Note also that when a failover occurs where a DC picks a new replication partner, a full synchronization of the SYSVOL tree is initiated (issuing a vvjoin operation), causing a temporary disruption of service on the sourcing DC due to the load caused by the replication. This can have a significantly negative effect on DCs in sites accessed through slow WAN links and should be avoided or scheduled for off-hours operation. For more information, refer to the vvjoin information in the "File Replication Service (FRS) Design and Implementation" section later in this chapter, as well as the "File Replication Service Terminology" section in Appendix C.

The "Branch Office Deployment" whitepaper provided not only methods to manage the replication processes and topology, but a few helpful scripts as well. It is available at http://www.microsoft.com/windows2000/techinfo/planning/ activedirectory /branchoffice/default.asp. This paper describes how to set and maintain a complex schedule to minimize the impact on the WAN links. It also includes a set of Perl scripts, MKDSK, which help the Administrator manage the connections. In addition, Microsoft has established a Windows Service Branch Office team that is working with customers who deploy branch offices over slow or unreliable links to define and resolve their unique issues with deploying AD.

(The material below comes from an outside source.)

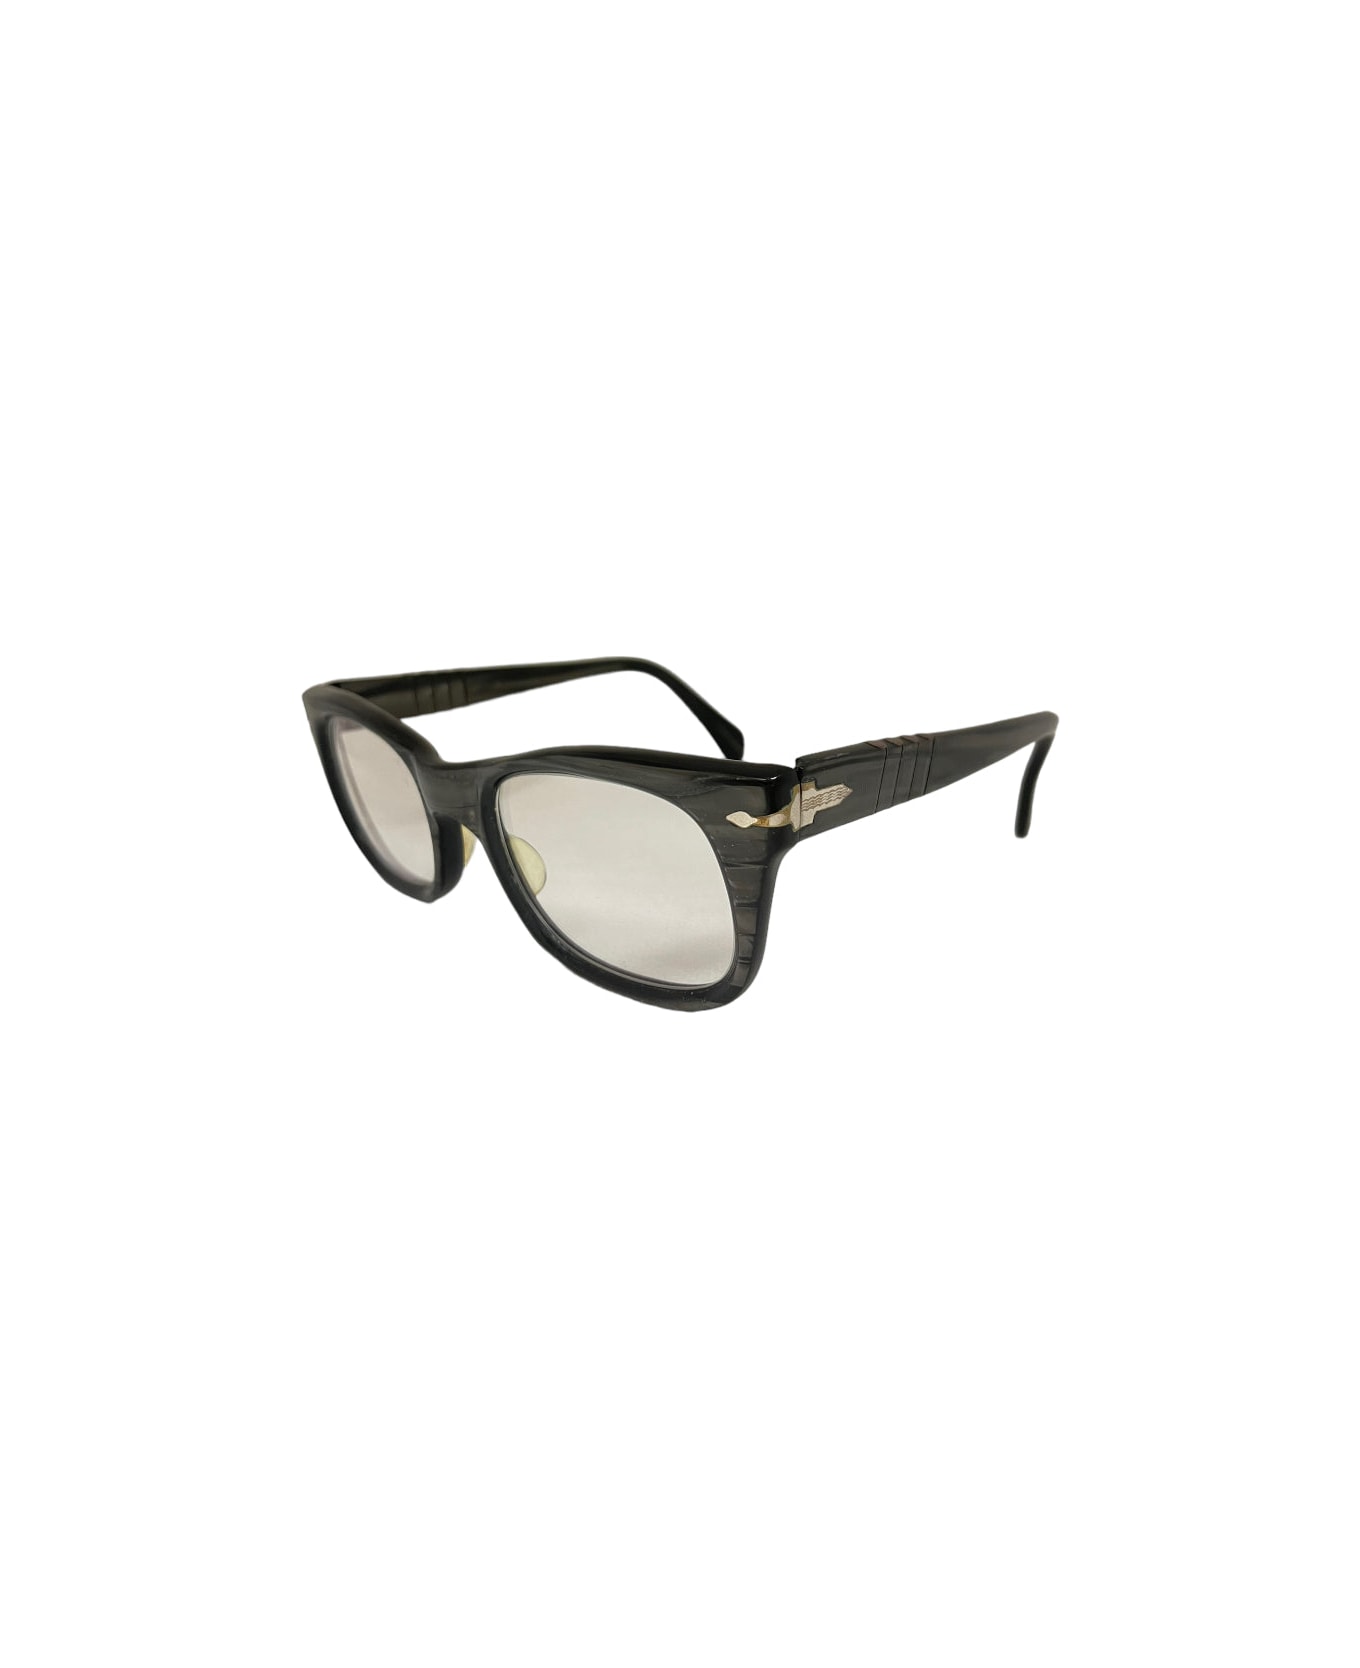 Persol Meflecto - Havana Grey Sunglasses サングラス

TombstoneLifetime Attribute

Deleted objects are tombstoned for 60 days (default value for the tombstonelifetime attribute). This means when an object is deleted, it's placed in the deleted objects folder container in the AD and kept until the tombstonelifetime expires . At that point, the Garbage Collection process purges them from the AD (see Microsoft KB 198793, "The Active Directory Database Garbage Collection Process"). New server objects for DCs can be given the same name as a tombstoned object with no conflict as long as end-to-end replication has occurred and the object is tombstoned on all DCs. For instance, you can demote a DC, wait for end-to-end replication to occur, and then promote another DC to use that same name without waiting for the tombstone to expire. The tombstonelifetime attribute is located in the AD at

CN=Directory Service,CN=Windows NT,CN=Services, CN=Configuration, DC=company,DC=com

where DC=company,DC=com is the name of the domain.

Shortening the tombstonelifetime attribute is not recommended. Although end-to-end replication, even in complex environments, usually takes place within an 8- to 24-hour timeframe, the 60-day period allows DCs and GCs to be unavailable for a longer period of time and still be able to rejoin the domain without hurting the infrastructure. More importantly, the tombstonelifetime limits the lifetime of the backup media. You cannot have backup media more than tombstonelifetime days old because a restored DC would reintroduce deleted objects just like DCs that were offline for too long (see Microsoft KB 216993, "Backup of the Active Directory Has 60 Day Useful Life").

If tombstonelifetime were set to 7 days, DCs that were offline due to replication errors, hardware failures, network outage , and so on would have to be rebuilt and the AD cleaned up. In addition, backup media would only have a useable lifetime of 7 days.

Lingering Objects

In presentations on AD troubleshooting I've made at a number of technical conferences over the past several years, only one or two people have ever heard of lingering objects . Although it's not a well-known issue, ironically, it's fairly common.

Lingering objects are objects that were deleted, tombstoned, and purged, but were then reanimated by a DC or a GC that was offline during the purge and then comes back online and replicates the objects. HP's AD infrastructure team fought some interesting battles with lingering objects.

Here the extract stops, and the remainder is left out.